AmeriGas Partners, L.P.: A Surprisingly Safe 10% Yield
Is This Payout Safe?
Buying high-yield stocks sometimes feels like being an Alaskan crab fisherman: it’s a lucrative but dangerous undertaking.
So I get mixed feelings whenever a big payout crosses my desk. On one hand, the oversized yield gets my greed glands churning. On the other, I know that one misstep could wash my portfolio overboard.
Take propane distributor AmeriGas Partners, L.P. (NYSE:APU). APU stock’s 10% yield piqued my interest, but any time you see a yield this high, you have to wonder if it might get cut.
So, is this distribution safe? Let’s dig into the financials.
Propane distribution represents the ultimate cash cow business. Like natural gas utilities, AmeriGas Partners, L.P. charges a fixed markup on each gallon of product sold. So while sales may swing wildly with commodity prices, gross margins do not.
This business would not be very profitable except for one factor: AmeriGas, not its customers, owns the propane tanks on site. This allows the company to prevent households from switching to cheaper rivals (unless they want to dig up their yards). For AmeriGas, this results in robust margins year after year.
APU stock has boosted its payout every year since 2001, in addition to supplementing shareholder income through the occasional special distribution. That type of track record shows a true commitment to investors and bodes well for the partnership’s future.
This year, management projects the adjusted earnings before interest, taxes, depreciation, and amortization to come in at around $610.0 million. Over that same period, APU stock will pay out around $350.0 million in distributions.

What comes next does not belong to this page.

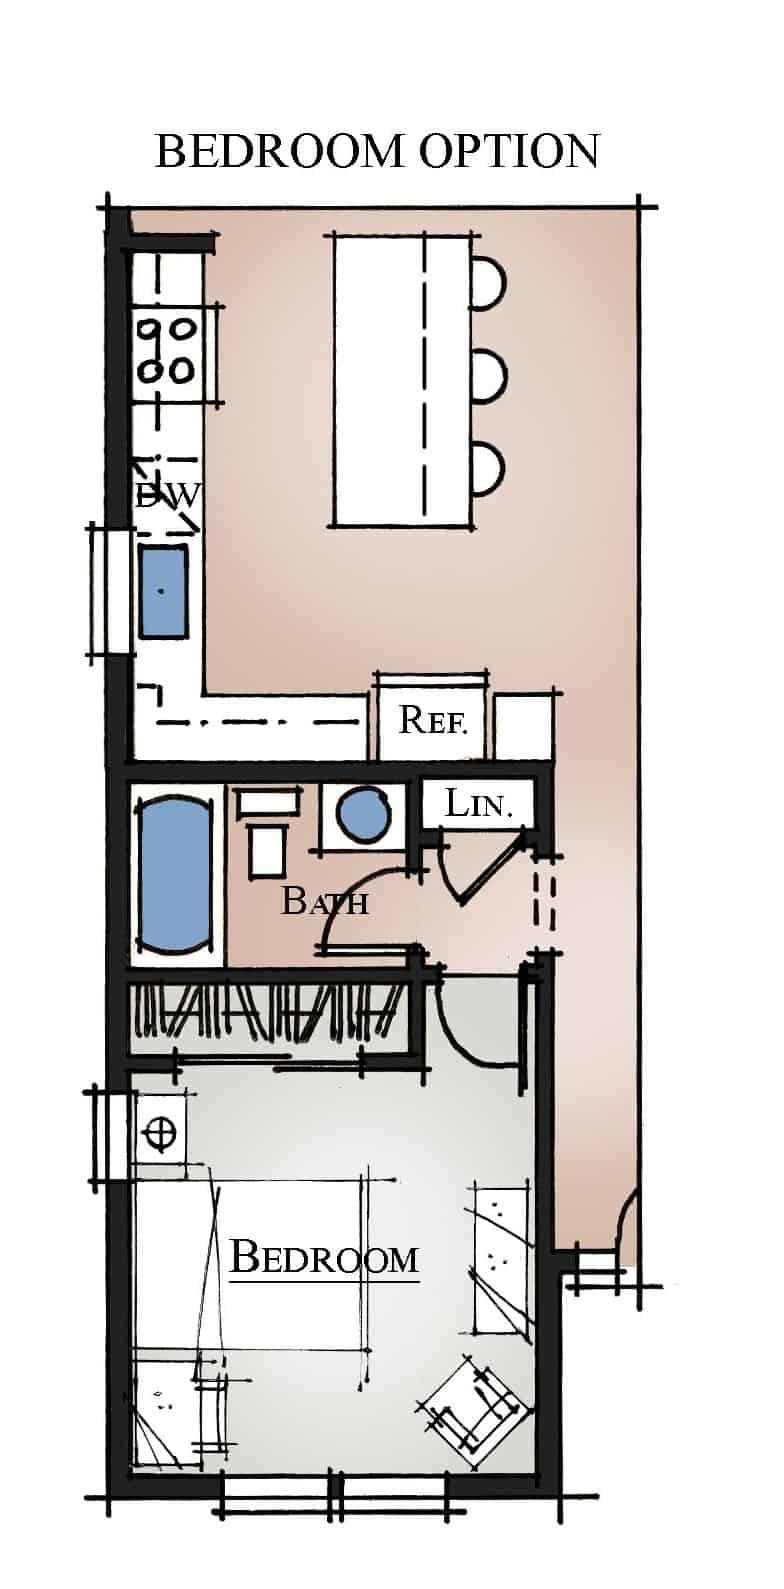 Croton Opt Bedroom 9-24-19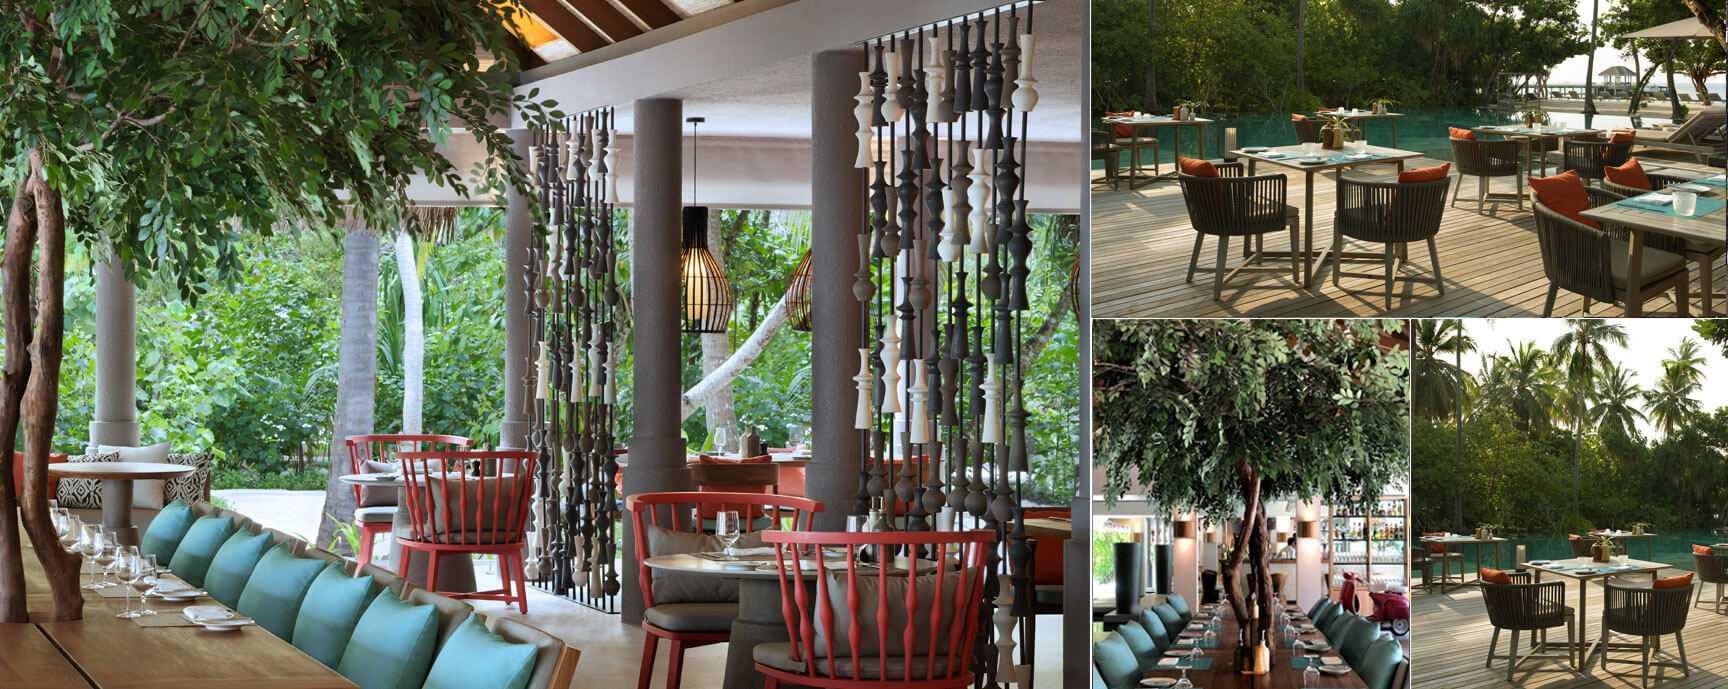 Vakkaru Resort Maldives - Isoletta Restaurant

That comes out to a payout ratio of nearly 60%—high, but still well within my comfort zone. Management has left themselves plenty of financial wiggle room to continue paying distributions even in the event of a bad year or two.
(Source: “Distribution History,” AmeriGas Partners, L.P., last accessed October 25, 2018.)
The big risk here is weather. AmeriGas makes more money when it sells more propane. So, while I’m hoping for a warm winter, lower heating demand would clip the company’s profits.
Interest rates could also hurt the unit price. Because APU stock’s distributions resemble bond coupons, units compete directly with fixed-income securities for capital. As yields have risen, we’ve seen the partnership’s value drop to a new 52-week low.
None of these issues should really worry income investors, however. AmeriGas’s conservative financial profile means the firm can ride out a series of warm winters. And while a lower unit price hurts traders, it really doesn’t impact the distributions to long-term investors.
In other words, AmeriGas Partners, L.P.’s 10% yield looks surprisingly safe.